Mike: And when Powell was first appointed to the Fed chair, it was noted that he did come from a risk management framework. So that has kind of followed that thesis. But the other aspect is the, what you had mentioned were there long-term growth projections and just the delta between those projections and that of the white house being low 2% by the fed and three to four percent long-term through the Trump white house.
Julian: Yeah, I would certainly you know put my faith in the federal reserve and a team of professional economists other than Trump. But talking about those growth numbers and I got some charts in front of me here and so over the past kind of eight / nine years, the Fed’s long-term economic growth projections have actually steadily declined from 2.6 percent to 1.9 percent. I also have the chart in front of me of the probability of a fed rate cut in 2019. So that’s actually spiked to 40 percent chance of a rate cut this year and going back to the start of just this month, I mean it was in the single-digit. So, fairly low. But it became elevated fairly quickly and prior to the decline in markets at the end of q4, even in November you had a near zero percent chance of or zero percent probability of rate cuts in 2019 and now it’s nearly a coin flip at almost 50-50. So, keep an eye on that. Another notable market move as I said that move in the 10-year government bond yield, which actually inverted the curve just today which is on Friday. Which is something to really flag and keep an eye on. But the consensus really was for ten-year bond yields to increase pretty dramatically this year with the economic expansion. I believe consensus was well into the north of 3% range and now your sub 2.5% just going the wrong way. I mean they started March, early March north of 2.75%. So those have declined fairly sizable and if we look at the 1-day change in yields, this was actually the largest decline in yields with about 8 basis points was the biggest since summer 2018. So that’s pretty pretty sizable and other effects of this dovish statement and comments from the federal reserve here, I mean you had a big decline in the us dollar on that day is down 0.6%. The other thing that’s notable is U.S bank index really got punished this week just on the day of the fed announcement. It was down north of 3% and so when you have long-term bond yields coming down, that really compresses the profitability of banks and so their stockholders are not happy about these, what’s happening at the fed and what’s going on with the economy. Because it’s really, they’re really struggling to maintain their margins with it.
Mike: Yeah in terms of the banks they’ve been the one sector that really hasn’t responded in this 10-year recovery. They’ve been kind of struggling with low yield, so their net interest margins have been suppressed and yeah overall, they just haven’t reacted as much as some of you know tech sector, real estate things of that nature.

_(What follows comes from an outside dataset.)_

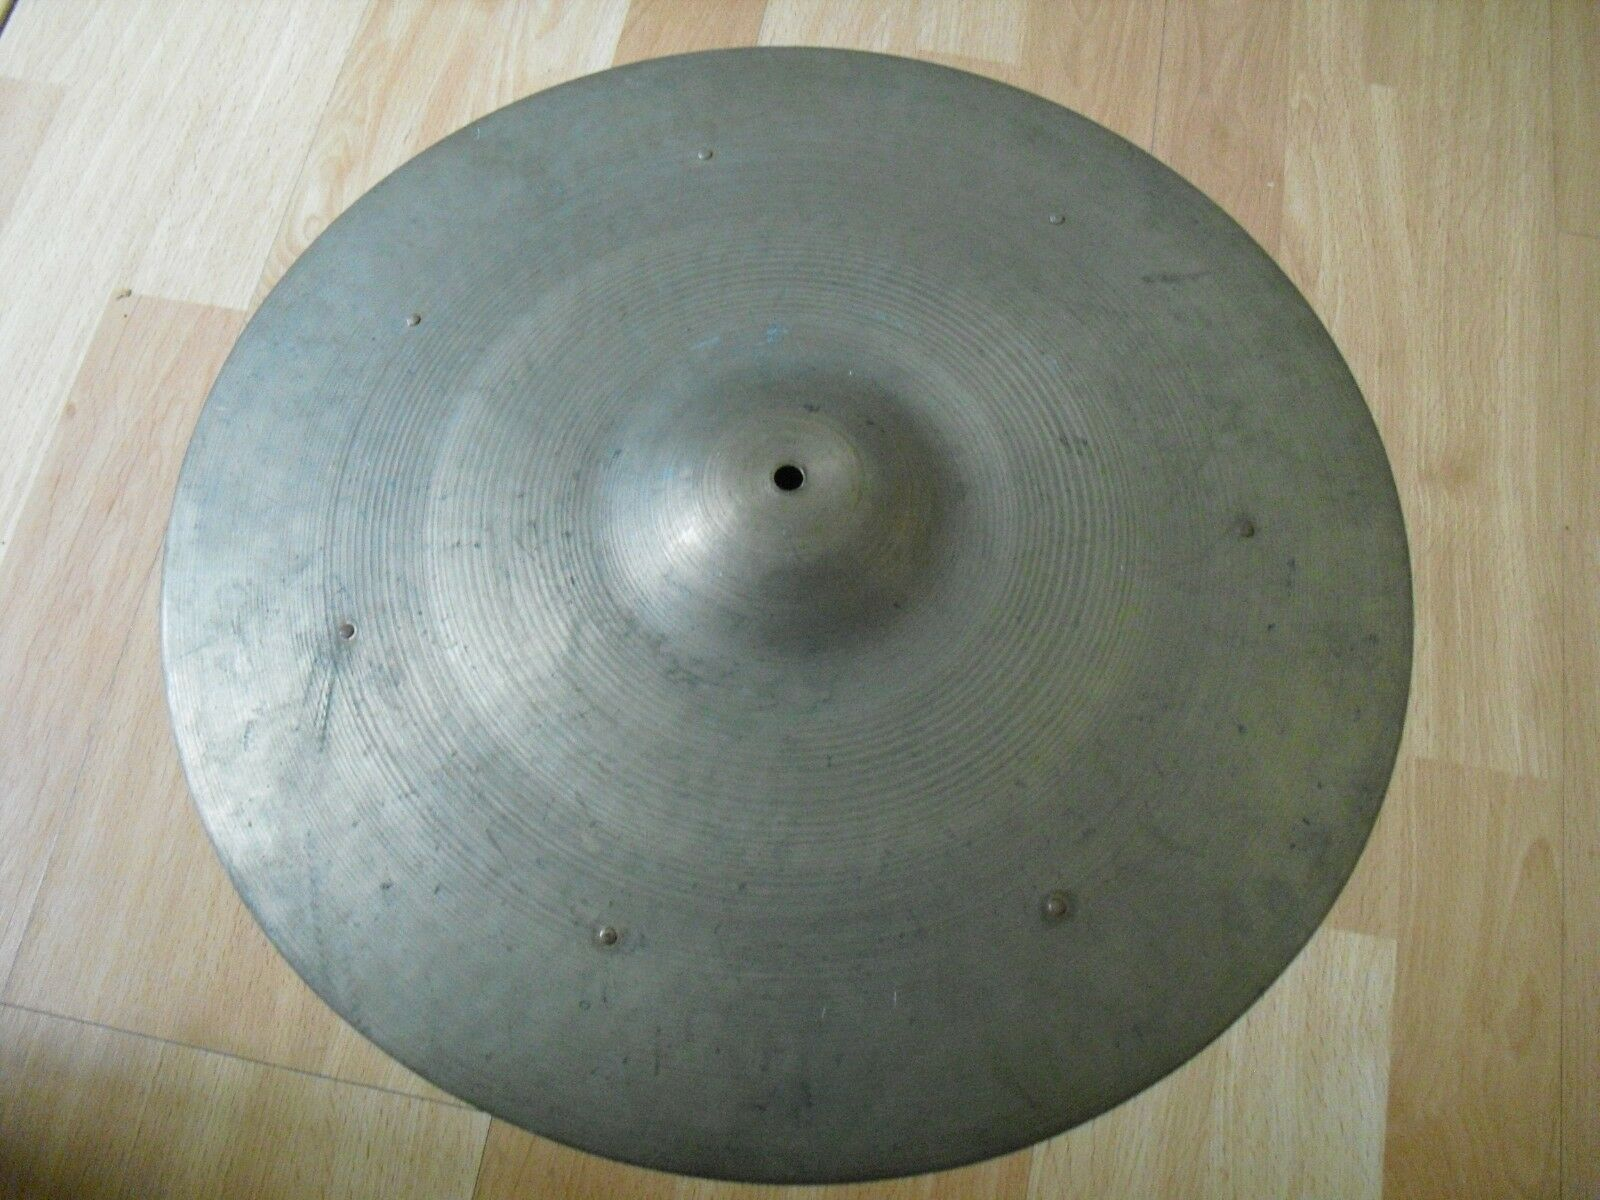 20  Vintage 40s Trans Stamp Avedis Zildjian Sizzle Ride Cymbal 2380g

Julian: Yes, certainly if you look at the increase since the global financial crisis, in the U.S it’s really largely been driven by you know the technology names such as the Amazon, Apple, Alphabet, Netflix names such as those and if you look at say Citigroup and Bank of America, the other financial stocks, they really haven’t recovered. In comparing U.S stocks to global stocks and global stocks I believe are kind of where they were what 12 years ago. So, you’ve had this massive divergence between U.S. equities, specifically technology. Just because the S&P 500 is a much larger waiting in technology compare that to global stocks which have higher weightings of say financials, materials and there’s a big divergence there where you’ve had massive outperformance of U.S equities. So that’s something to watch and we’ll see if the U.S tech sector continues its leadership. But for now, what you’re seeing at the Fed and the yield curve certainly is not positive for the U.S. banking sector and so you know that’s something certainly to keep your eye on here as things progress and as we previously indicated the inversion of the yield curve, that’s a pretty big deal. So, we’ll keep our eye out for that and monitor how that progresses there.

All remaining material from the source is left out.